Saskia Maarleveld's Range
I hadn't listened to Saskia Maarleveld before. Looked her up at a rest stop near Waco because I was convinced this was a full-cast production. It's not. She just has an insane range.
Here's the challenge she faced: a naive American girl, a terrified young British woman in 1915, a gravel-voiced, whiskey-soaked alcoholic in 1947, plus French accents and German officers. Mess up the accents in a book like this, and it turns into a cartoon.
She nailed it.
Her "Old Eve" voice is fantastic—raspy, tired, dripping with sarcasm. You can practically hear the ice clinking in the glass. The switch between accents is smooth, no awkward pauses where you can hear the narrator resetting their mouth. At 1.25x speed, she kept the tension tight. There are scenes involving interrogation and torture (fair warning: it gets graphic) where her delivery actually made me uncomfortable. In a good way. It felt dangerous.
The Mission Debrief
The 1947 timeline with Charlie... it drags a little at the start. Charlie is young and makes some stupid decisions that had me yelling at the dashboard.

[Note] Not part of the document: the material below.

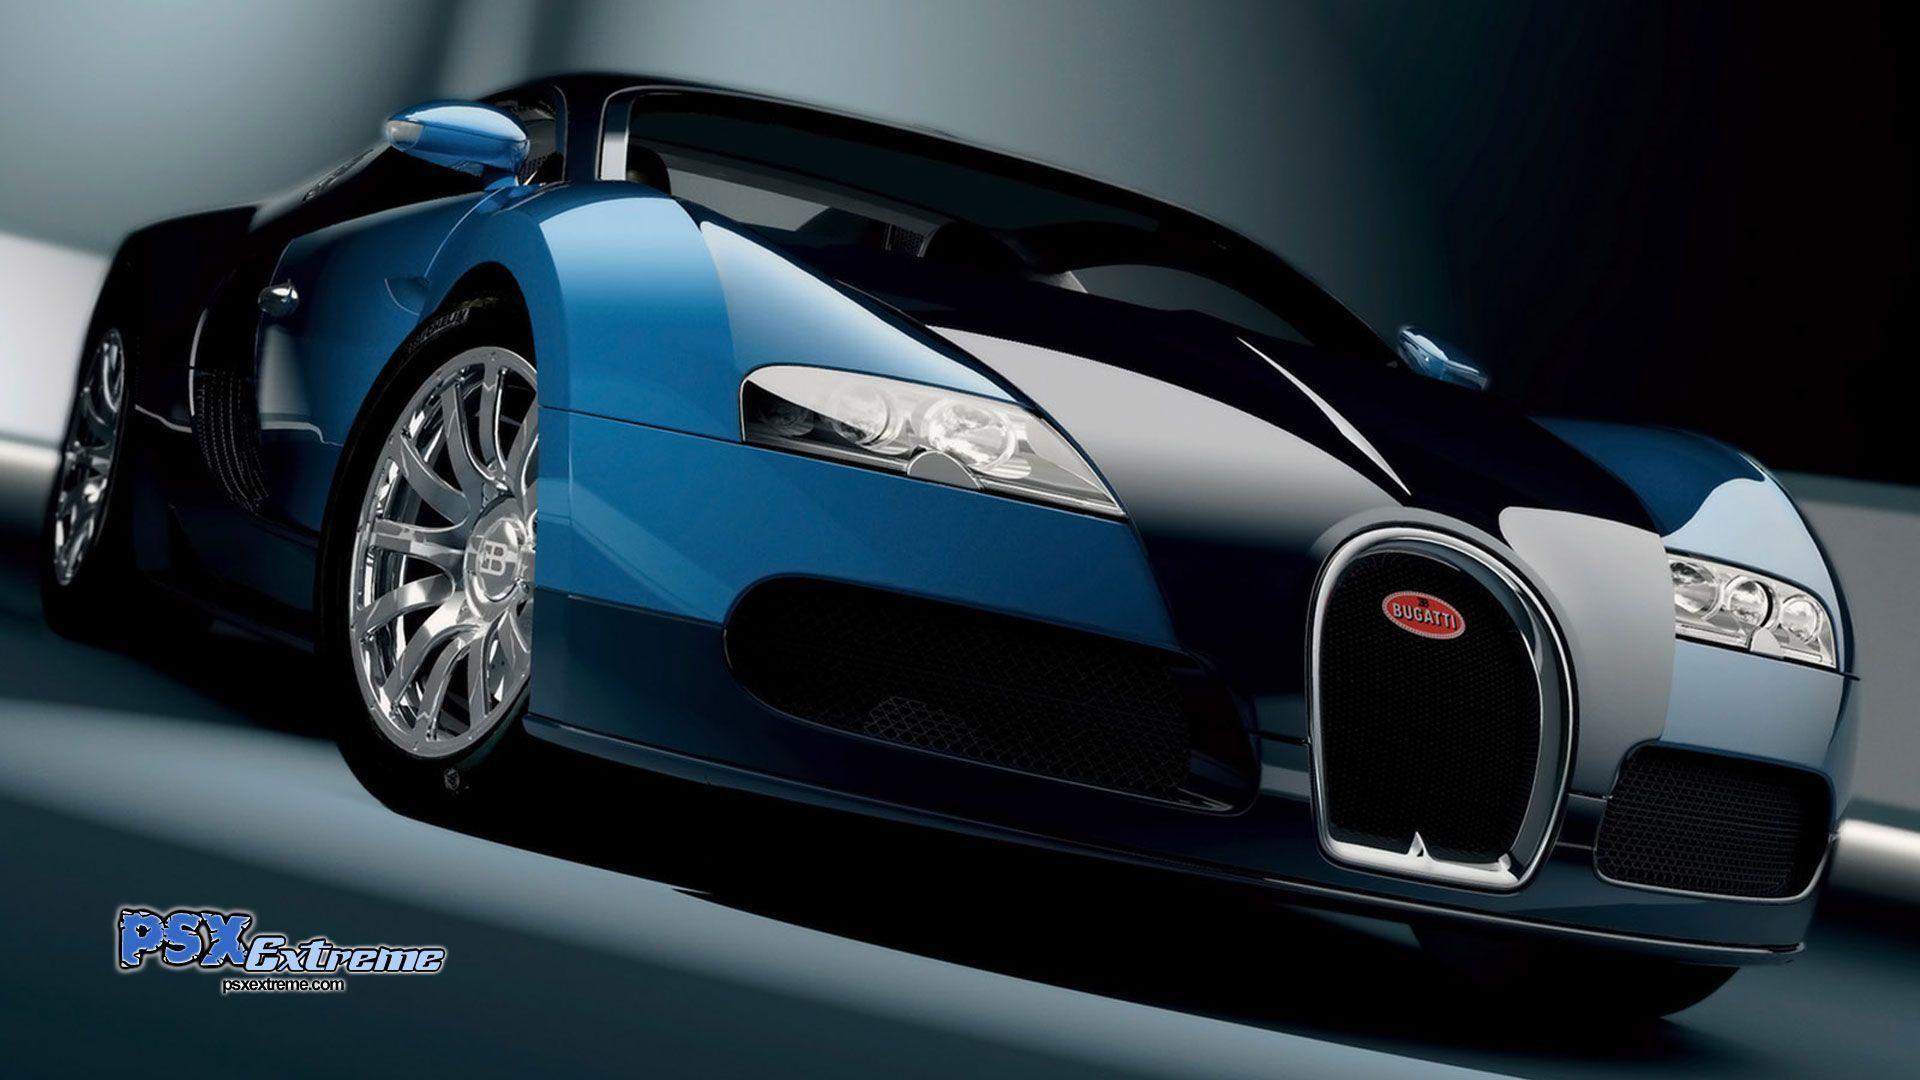 Fonds d&;écran Bugatti Veyron, tous les wallpaper Bugatti Veyron

But she's the vehicle to get us to Eve, so I tolerated it. And to be fair, by the time they're tearing through France in a beat-up car hunting down a war criminal, Charlie earns her stripes.

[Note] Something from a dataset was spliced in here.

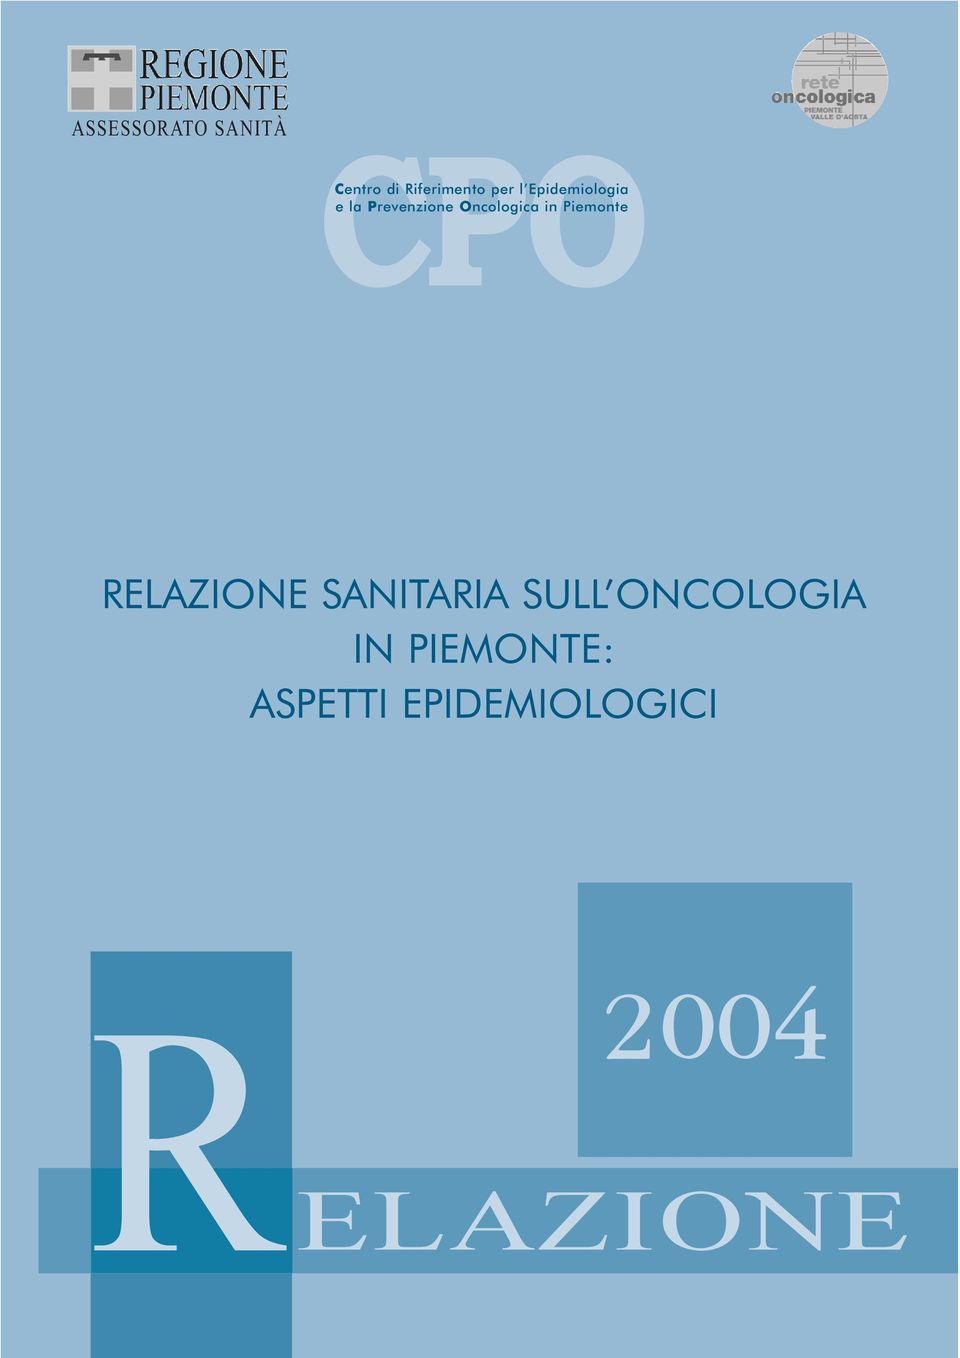 Oncologica in Piemonte RELAZIONE SANITARIA

The dynamic between the two women—the old, hardened spy and the young, hopeful civilian—reminded me of breaking in new lieutenants. Painful at first, but necessary.
This book is heavy. It deals with collaborators, sexual violence, and the fact that sometimes the bad guys get away with it for a long time. It's not a "feel-good" listen. I Found You tackles some similarly dark territory, though it doesn't hit quite as hard. But it's a "feel-real" listen.
Ranger was in the back seat for the last three hours of this, and even he perked up during the climax. (Or maybe he just wanted a treat. Hard to tell.)
Who should grab this: Anyone who likes history that doesn't pull punches and wants to know about the women who paved the way for modern intelligence operations. Who should skip: If you need a light, uplifting listen, this ain't it. And maybe don't play the torture scenes while you're eating lunch.